Work to complete: Below is a listing; write it out exactly and drop any images from it.

Stored data:
== Segment start ==

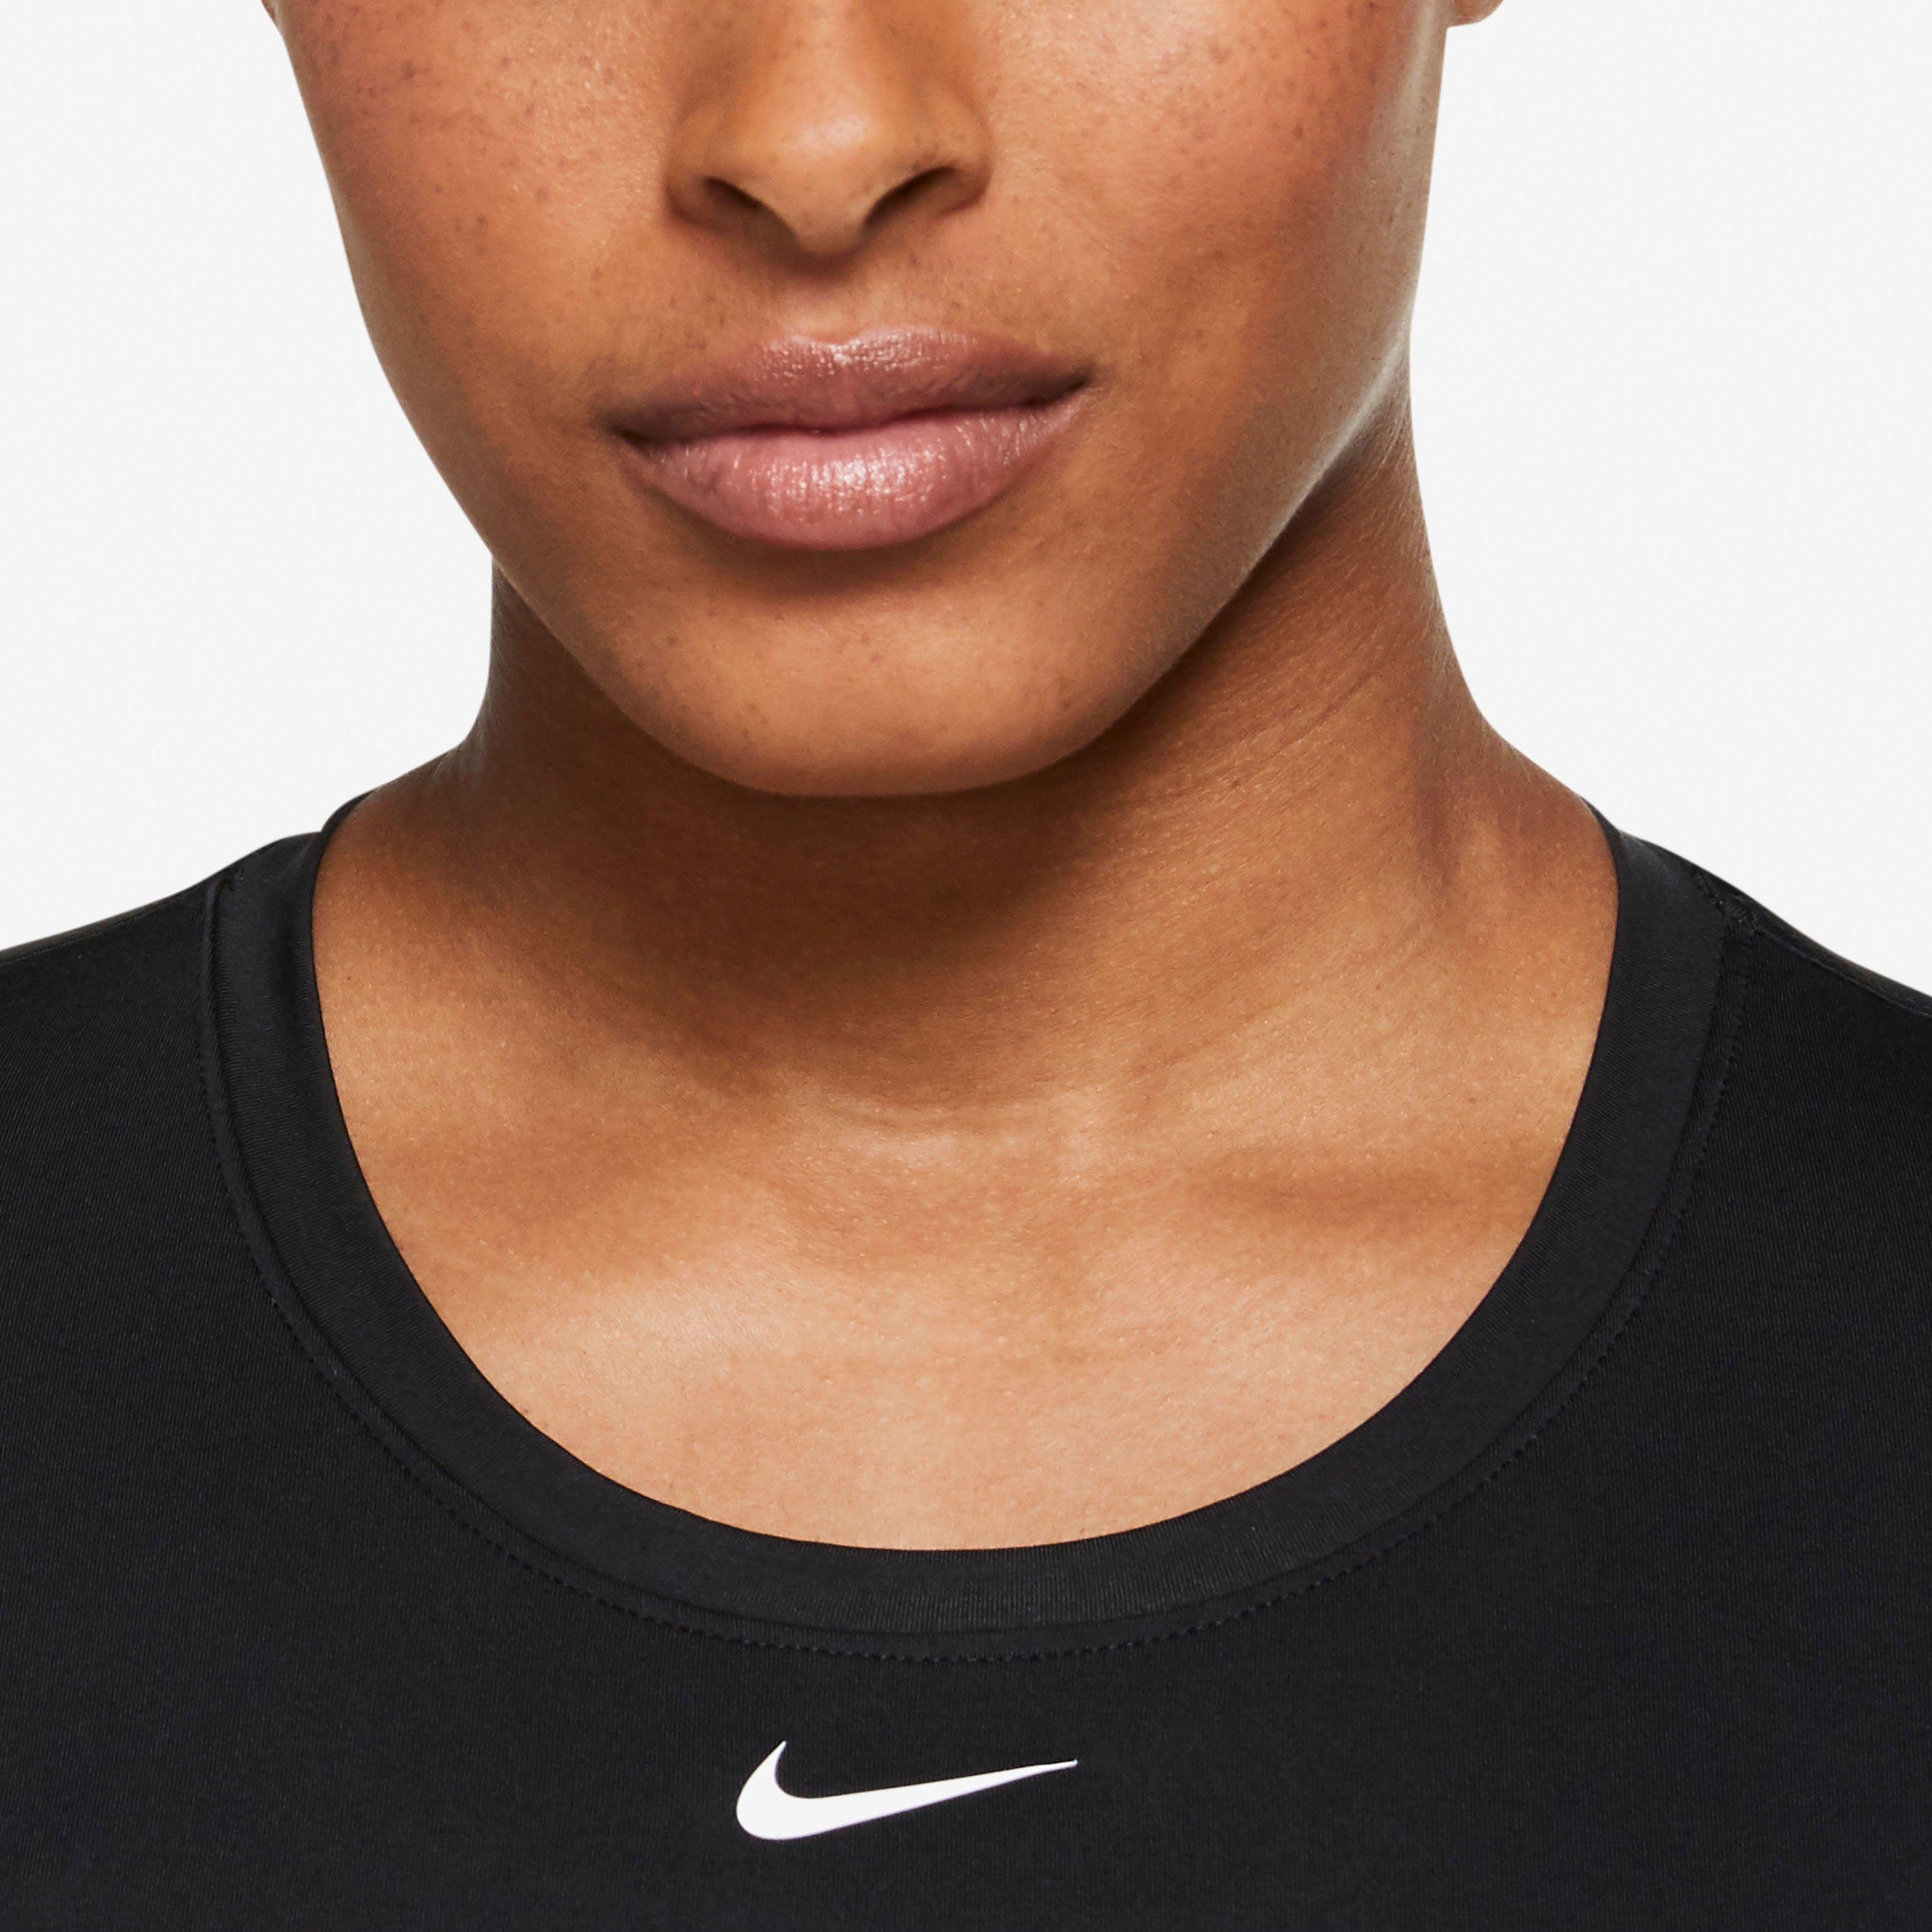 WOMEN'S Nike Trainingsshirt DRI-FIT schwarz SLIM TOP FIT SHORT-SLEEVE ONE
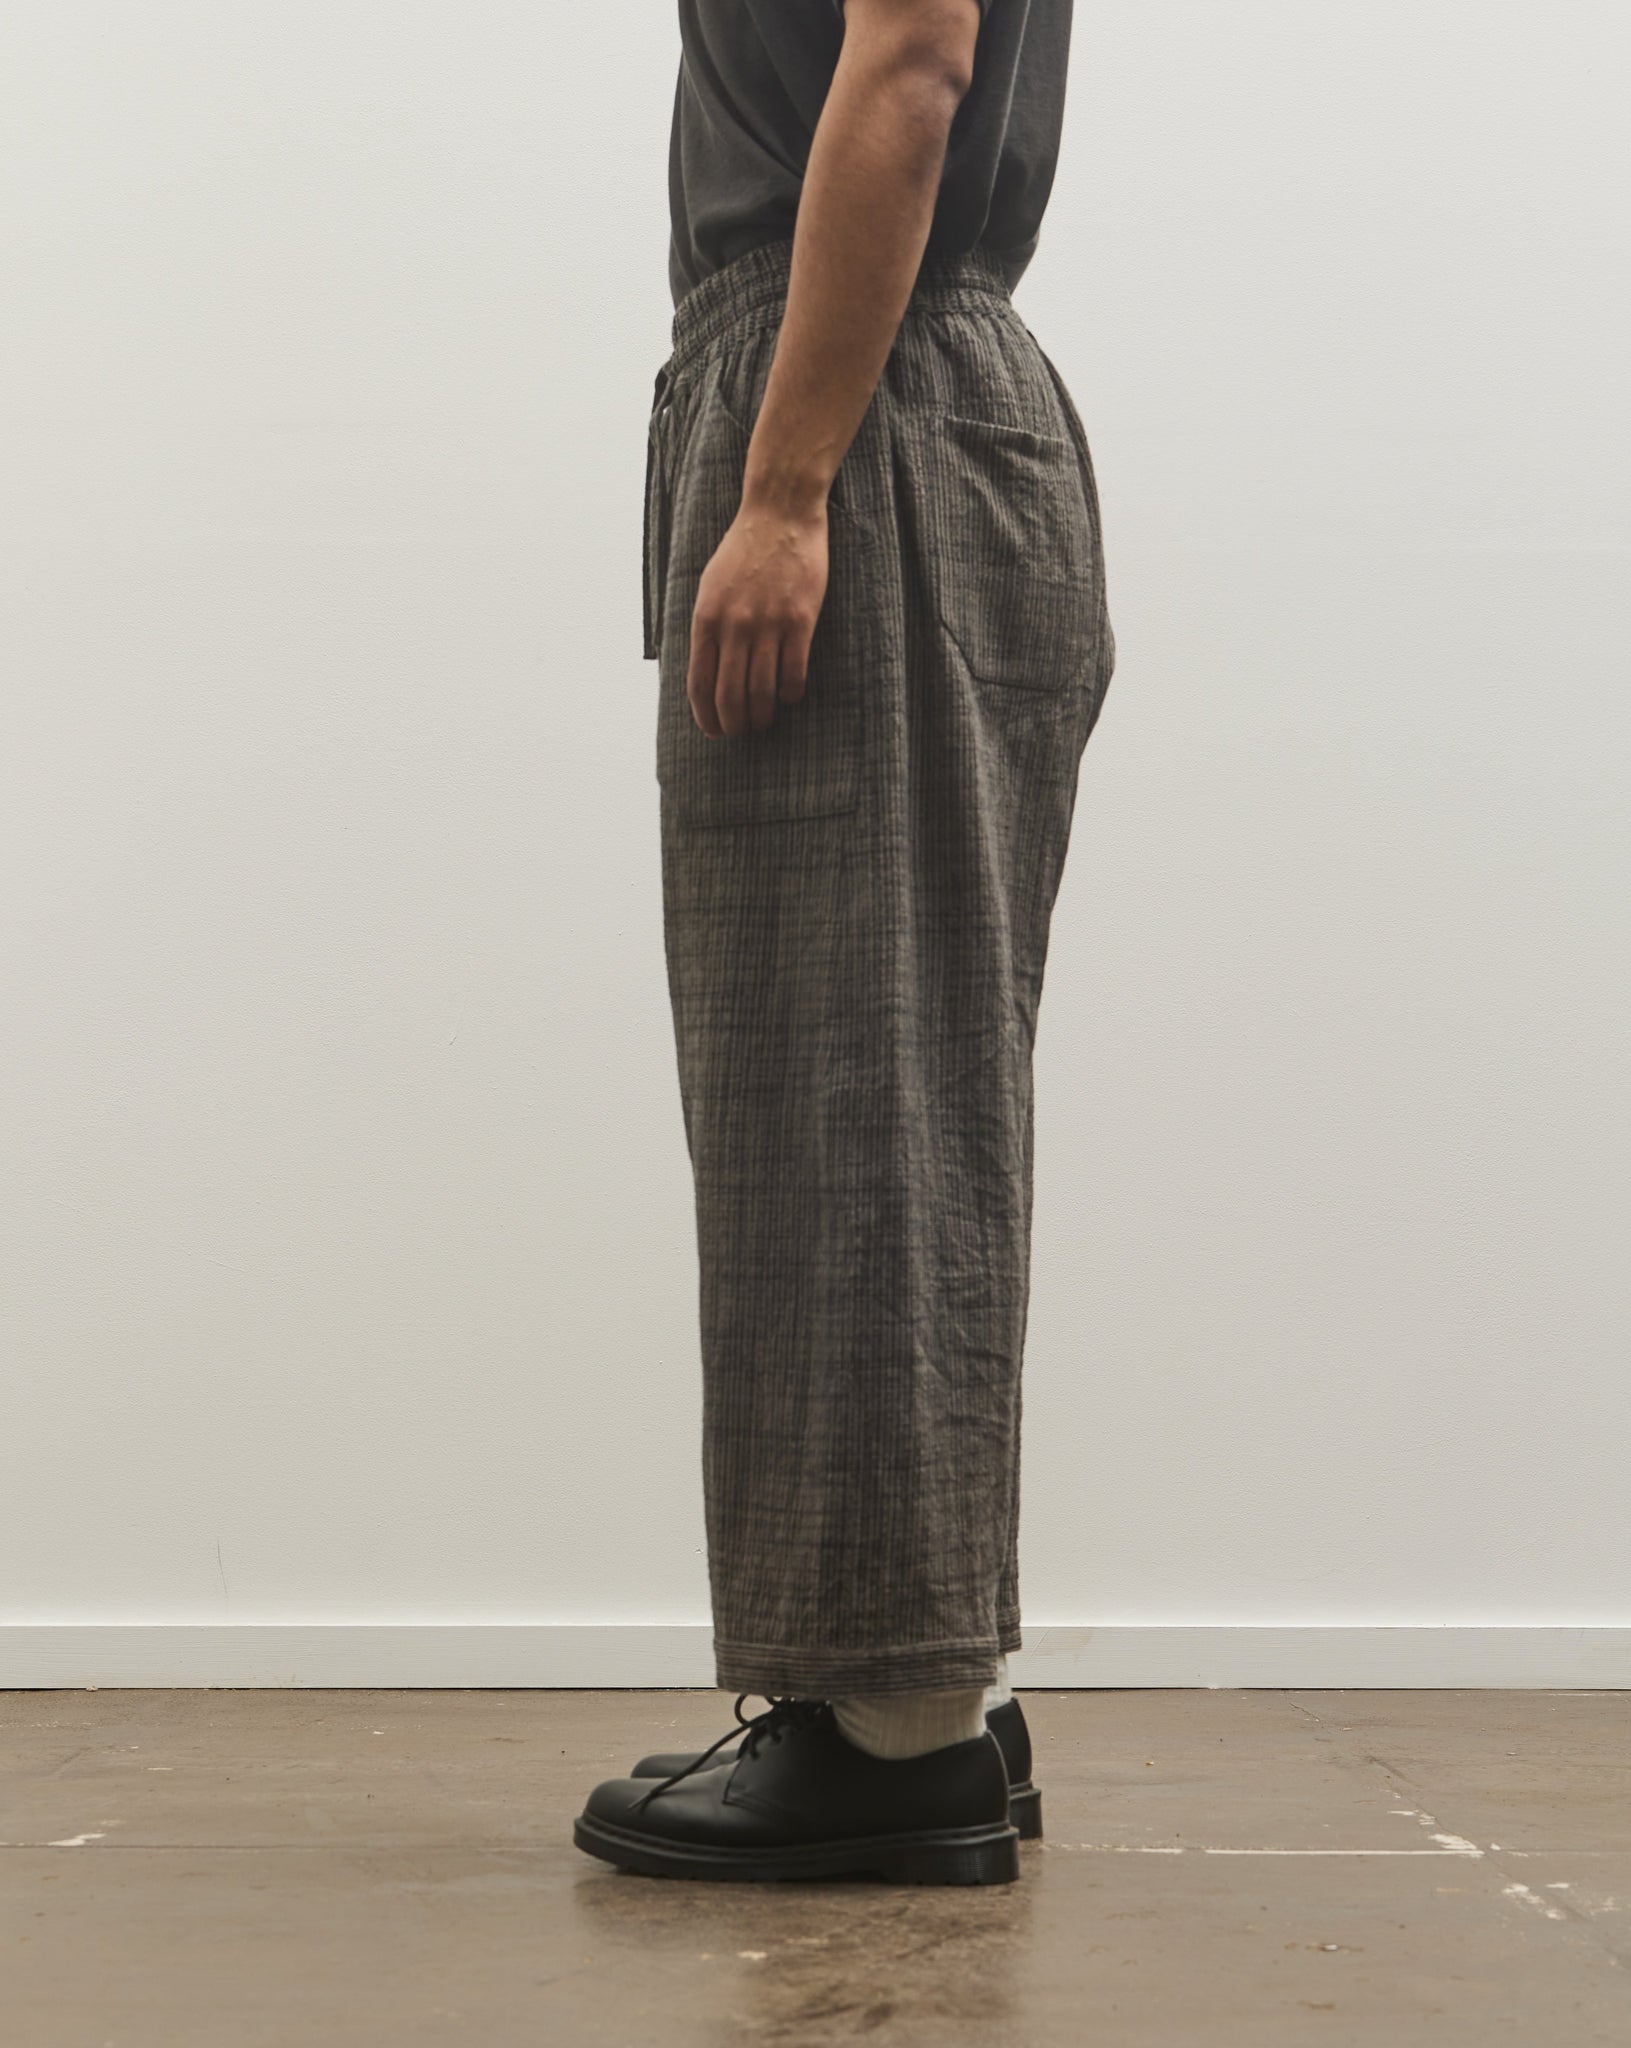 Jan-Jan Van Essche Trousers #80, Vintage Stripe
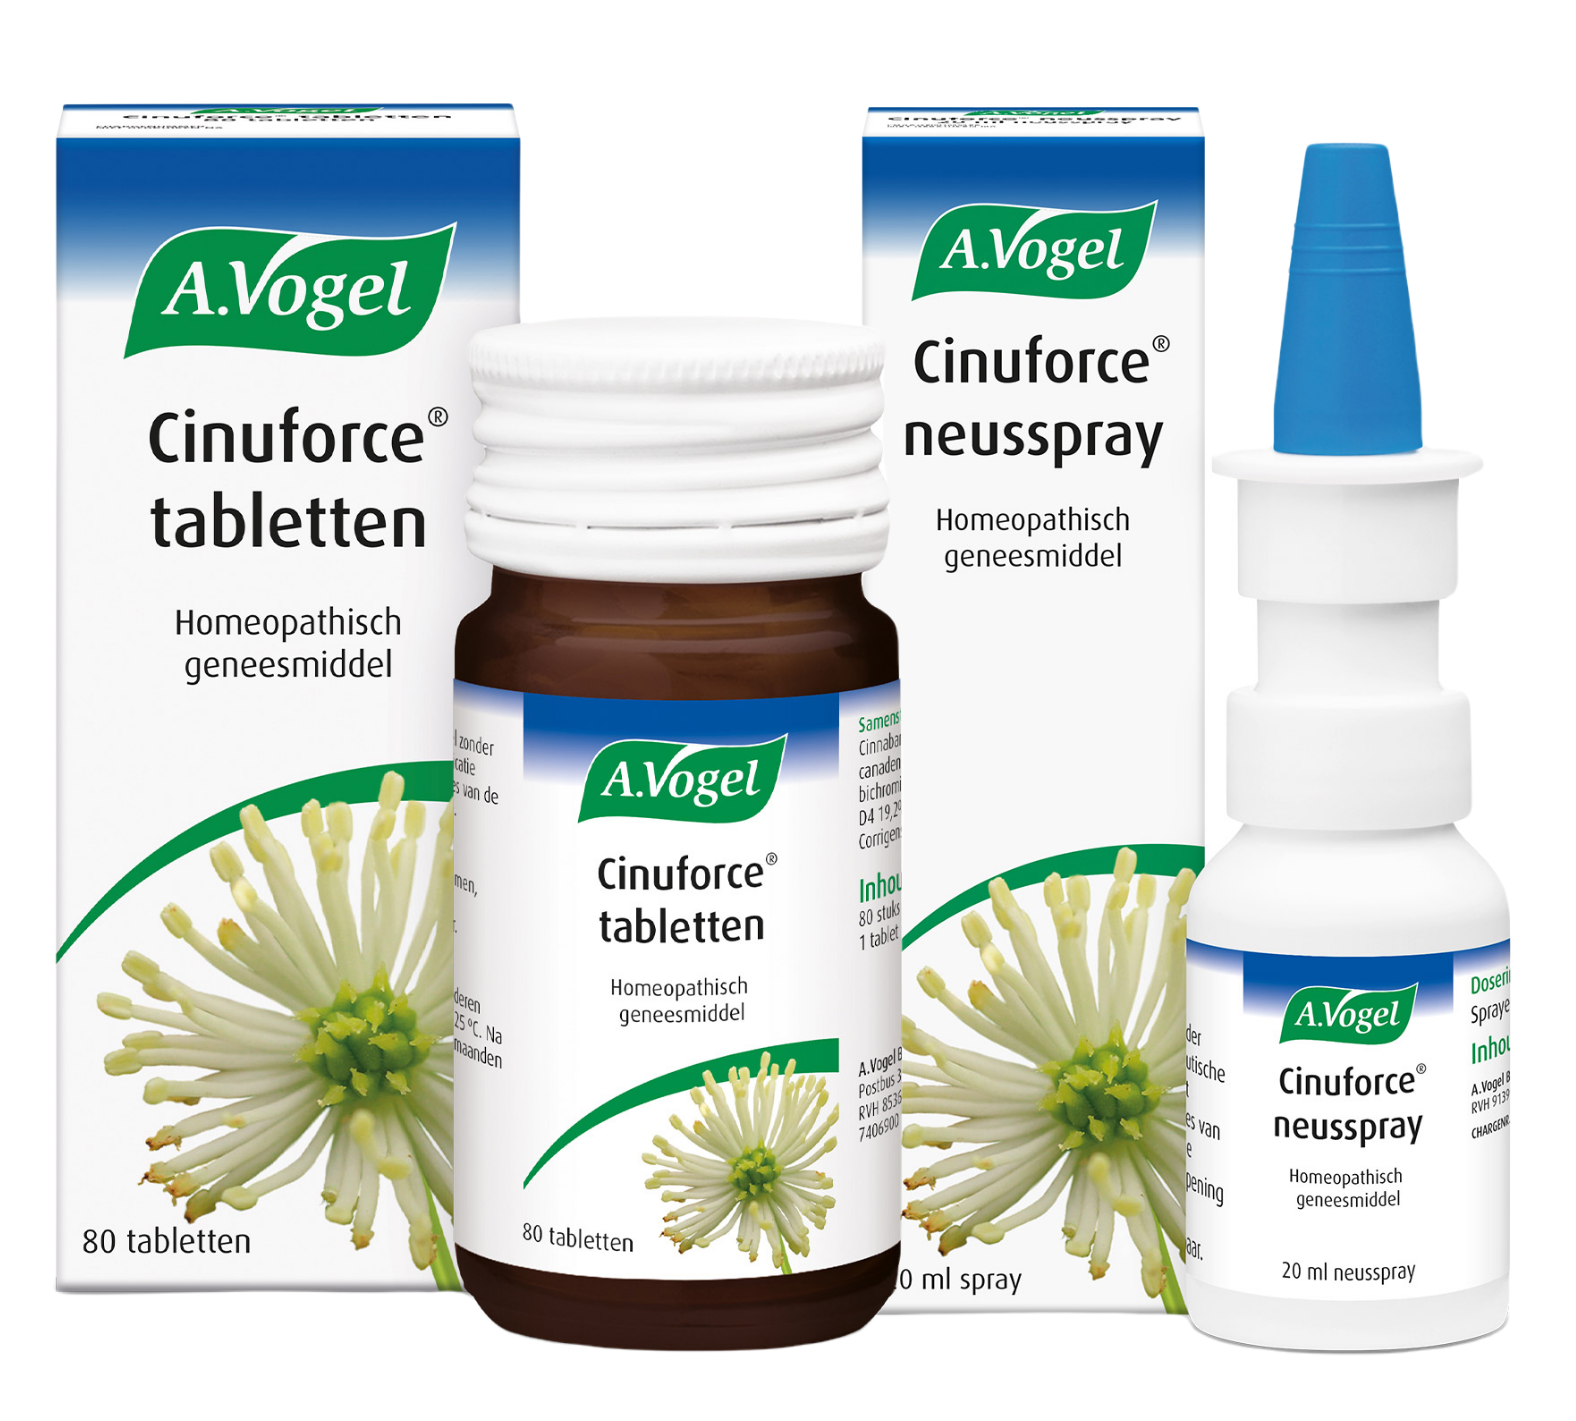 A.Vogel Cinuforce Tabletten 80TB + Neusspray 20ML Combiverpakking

== Segment end ==

Problem solution:
 WOMEN'S Nike Trainingsshirt DRI-FIT schwarz SLIM TOP FIT SHORT-SLEEVE ONE
 Jan-Jan Van Essche Trousers #80, Vintage Stripe
 A.Vogel Cinuforce Tabletten 80TB + Neusspray 20ML Combiverpakking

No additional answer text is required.